I had a choice of two places to go today – one I could foresee being an extremely stressful occasion but with people I can interact relaxed, and the other I knew would be a very relaxing gathering but with people who could turn out stressful to interact. I had weeks to decide, but I woke up this morning and I still did not have my mind made up.
In the former, I did not want to disappoint the people I would be seeing by not showing up, but the occasion was weighing so heavy on my mind I was getting sick to my stomach. In the latter, I was really looking forward to attending (I have not been to the gathering for a while now), but there were so many unknown factors to consider I was getting dizzy in my head.
I was quickly running out of time, so I kept thinking while I had a cup of morning coffee… still undecided… I brushed my teeth… still unsure… I got dressed… still no definitive answer… I had to leave or I would not make it to either of the places! So I put on my shoes and let my legs decide where they wanted to take me.

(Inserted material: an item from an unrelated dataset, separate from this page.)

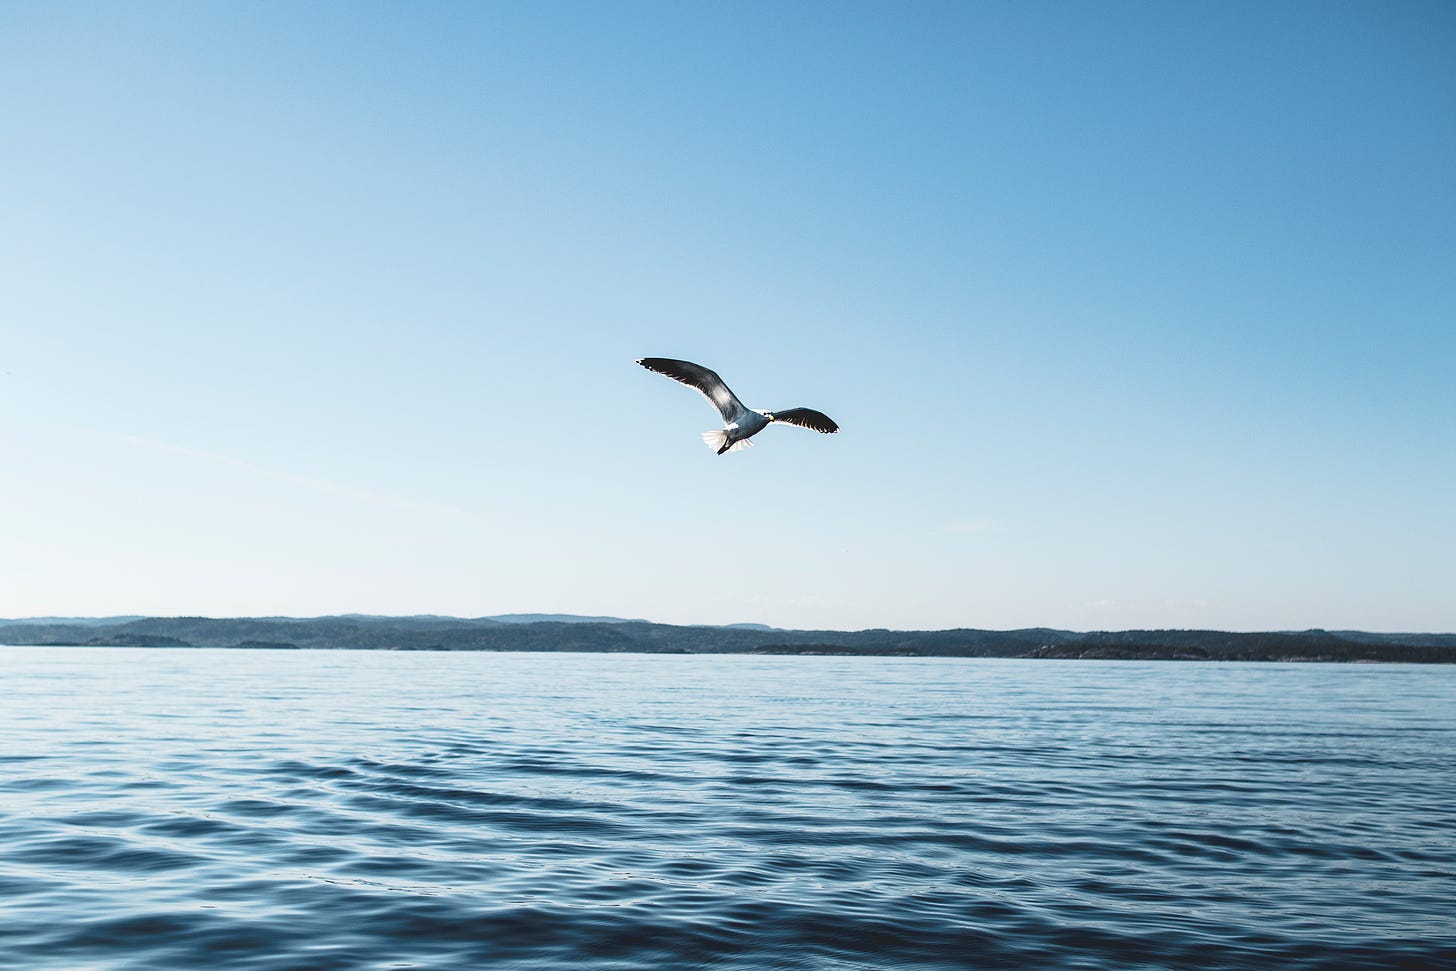 Public domain photo search for freedom: A gull flying low over a lake under a clear blue sky. by Sindre Fs

Well, I was carried by my legs to the latter place. And there, I had a nice bowl of tea and sweets with a lovely host and wonderful fellow guests from around the world. I even got to contribute to the gathering by interpreting between them. I was thanked by the fellow guests, and the host told me the tone I spoke English in was the best she ever heard – what a compliment, as some of you may recall I really have trouble liking my voice!
At the end of the gathering, the guests were all handed out what I call a “piece of peace,” and we all parted with a warm feeling in our hearts.
The third of eight verses of a sacred chant praying for world peace – the four characters say “wind blows and rain falls when the time is right.”
I was already very satisfied with how the day unfolded at this point. But wait, it got even better! The host thought I did such a good job interpreting for her, she asked me to stay for another group of guests. She gave me such a good time, it made me very happy to be able to give something back, so I accepted without having to contemplate even for a moment.
Maybe sometimes, all the thinking and considering and contemplating will not get you to a clear answer.
Maybe no one choice will stand out and you will start to feel like whatever you decide on, it will not be the right one.
Then maybe in those instances, instead of getting stuck in your head, you can let your heart decide… or your legs run their course.
Maybe after the first step, you will see that everything naturally falls into places, and you will no longer need to think and consider and contemplate to make subsequent decisions.
And maybe when all is said and done, you will come to the conclusion that you would not have had it any other way.
Maybe there are not too many days in our lives that go by as fabulously as mine did today, but when you have one, I am sure it will make all the stomach-turning and head-spinning go right away… like it says in this extra piece of peace I was rewarded when all was said and done today (yay!).
The fourth of eight verses – the four characters say “no disasters or illnesses ever befall.”
I could never have imagined thing morning, still in the midst of the torment of decision-making, that I would have such a peaceful state of mind at the end of the day today… but I wouldn’t have it any other way! I guess wind blows and rain falls (and legs move) when the time is right, and then there are no more disasters or illnesses (or no body parts aching)…???
I wish you all a fabulous Sunday, just like mine!